• [Work request]: Exactly and only the lines below from the one containing "Brass & Metal" down to the one containing "Our clients include" are wanted, both included; please exclude every picture.

--- Entries supplied Enclosed Below ---

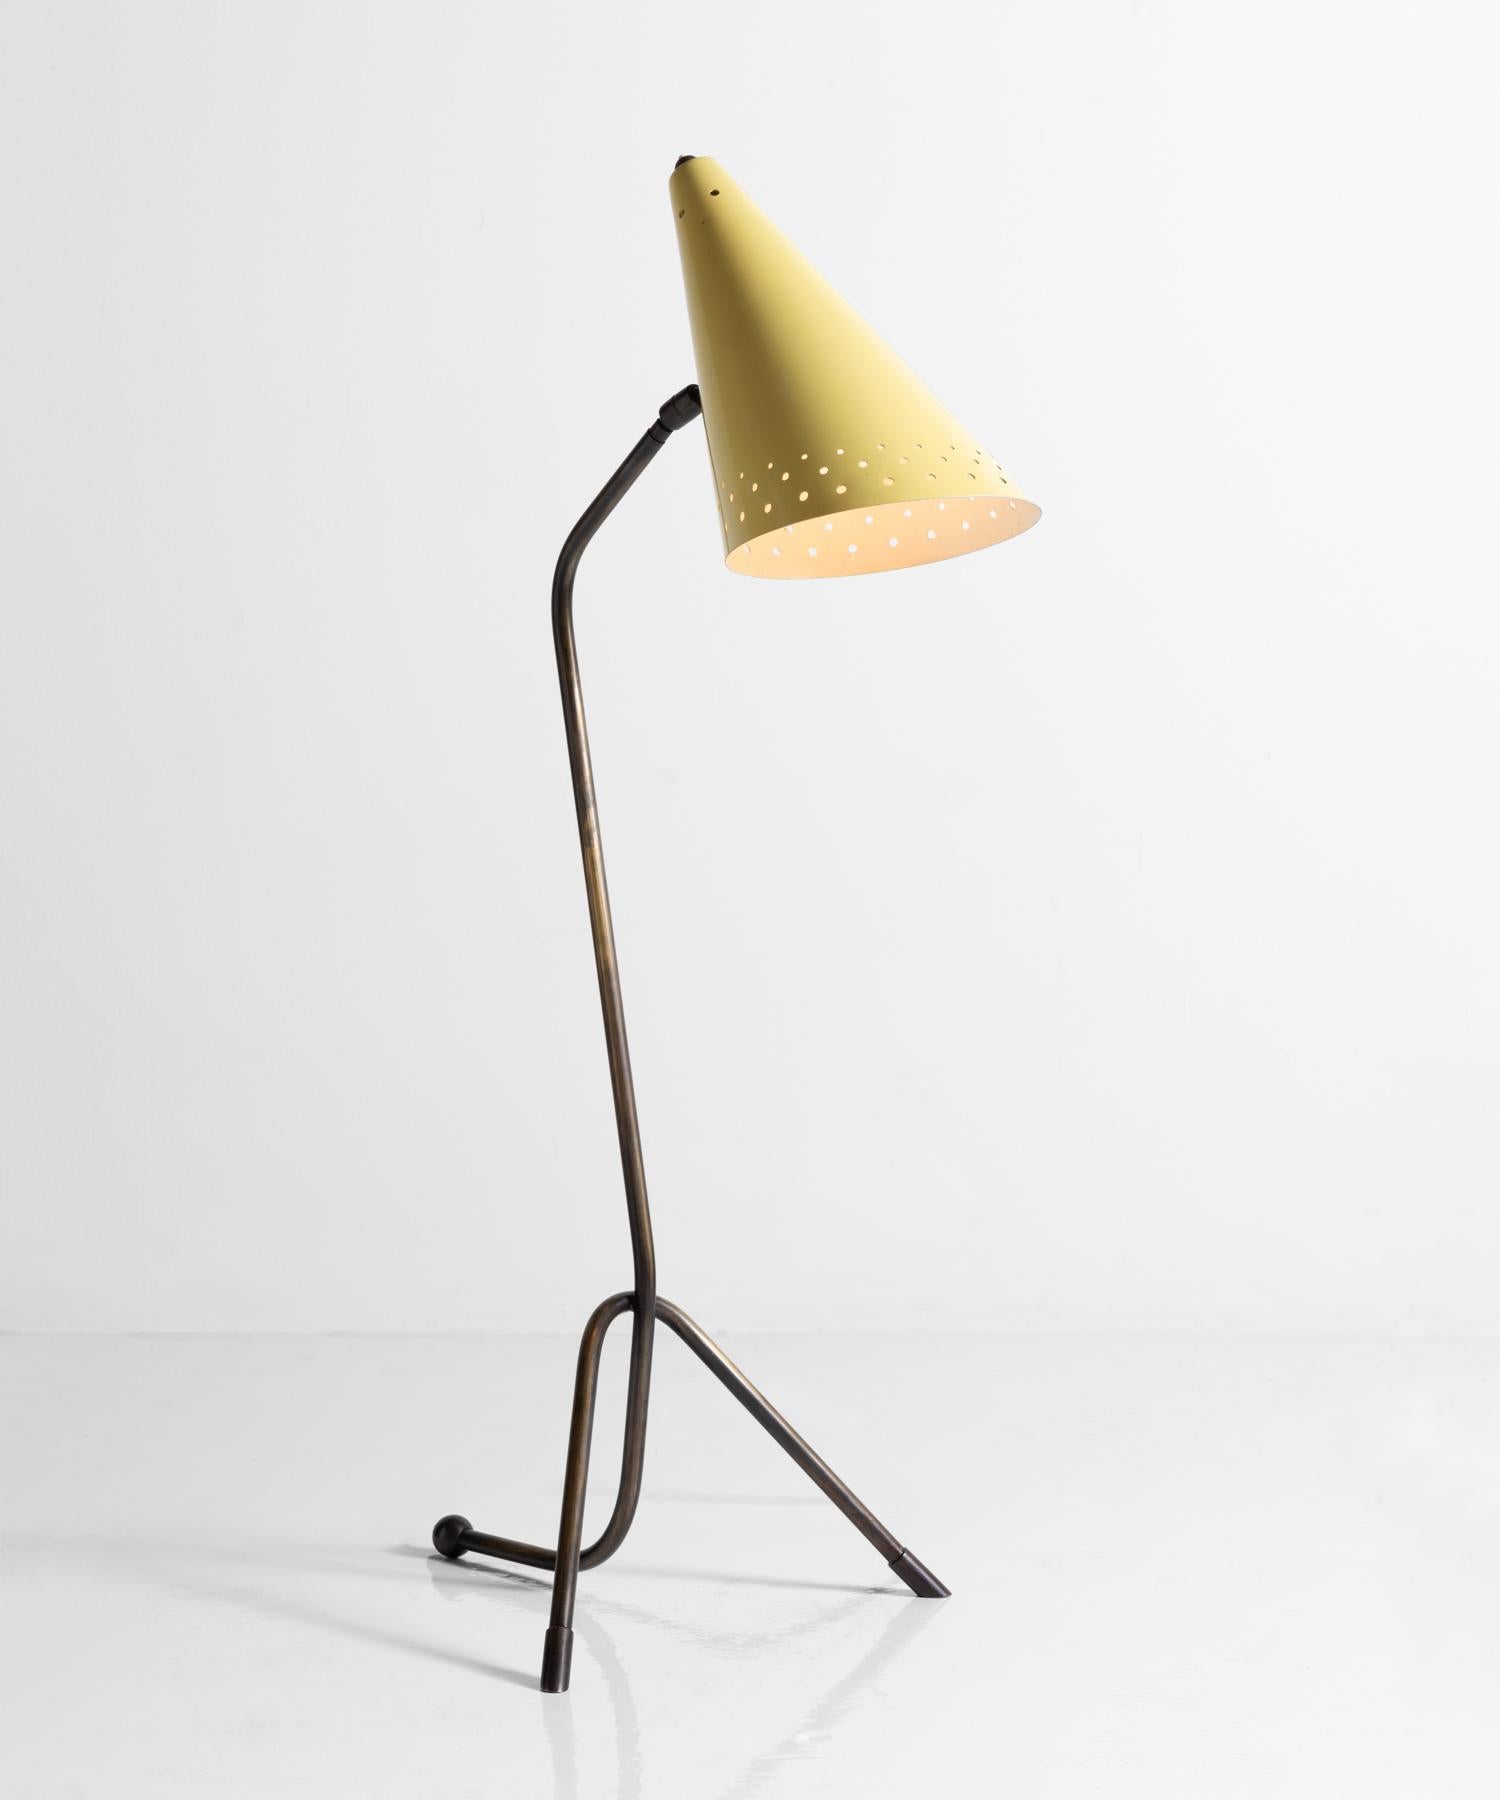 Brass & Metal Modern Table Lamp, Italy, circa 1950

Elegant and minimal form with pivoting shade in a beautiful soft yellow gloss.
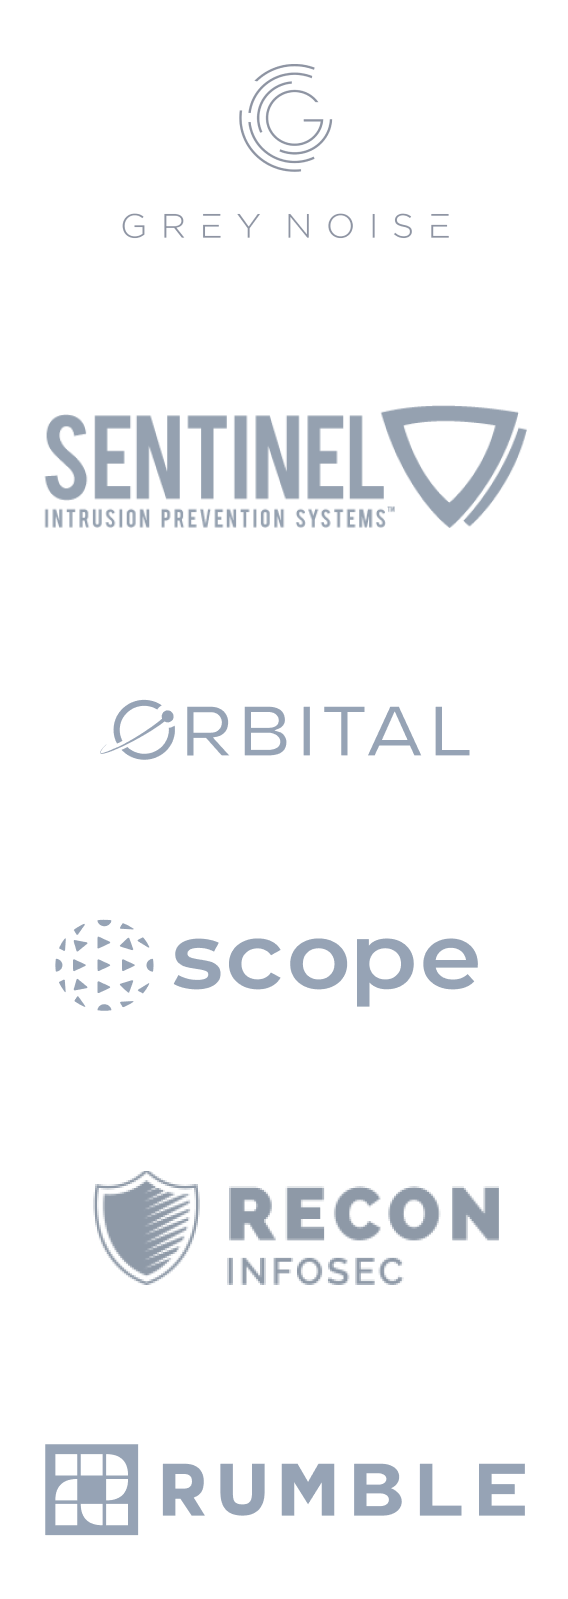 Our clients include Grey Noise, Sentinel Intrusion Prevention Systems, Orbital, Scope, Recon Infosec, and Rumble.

--- End of Enclosed Entries supplied ---
--- Entries supplied Enclosed Below ---

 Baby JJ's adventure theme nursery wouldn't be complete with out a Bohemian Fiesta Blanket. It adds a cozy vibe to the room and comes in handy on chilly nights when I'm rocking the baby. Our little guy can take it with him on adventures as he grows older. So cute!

--- End of Enclosed Entries supplied ---

• [Reply]:
 Brass & Metal Modern Table Lamp, Italy, circa 1950

Elegant and minimal form with pivoting shade in a beautiful soft yellow gloss.
 Our clients include Grey Noise, Sentinel Intrusion Prevention Systems, Orbital, Scope, Recon Infosec, and Rumble.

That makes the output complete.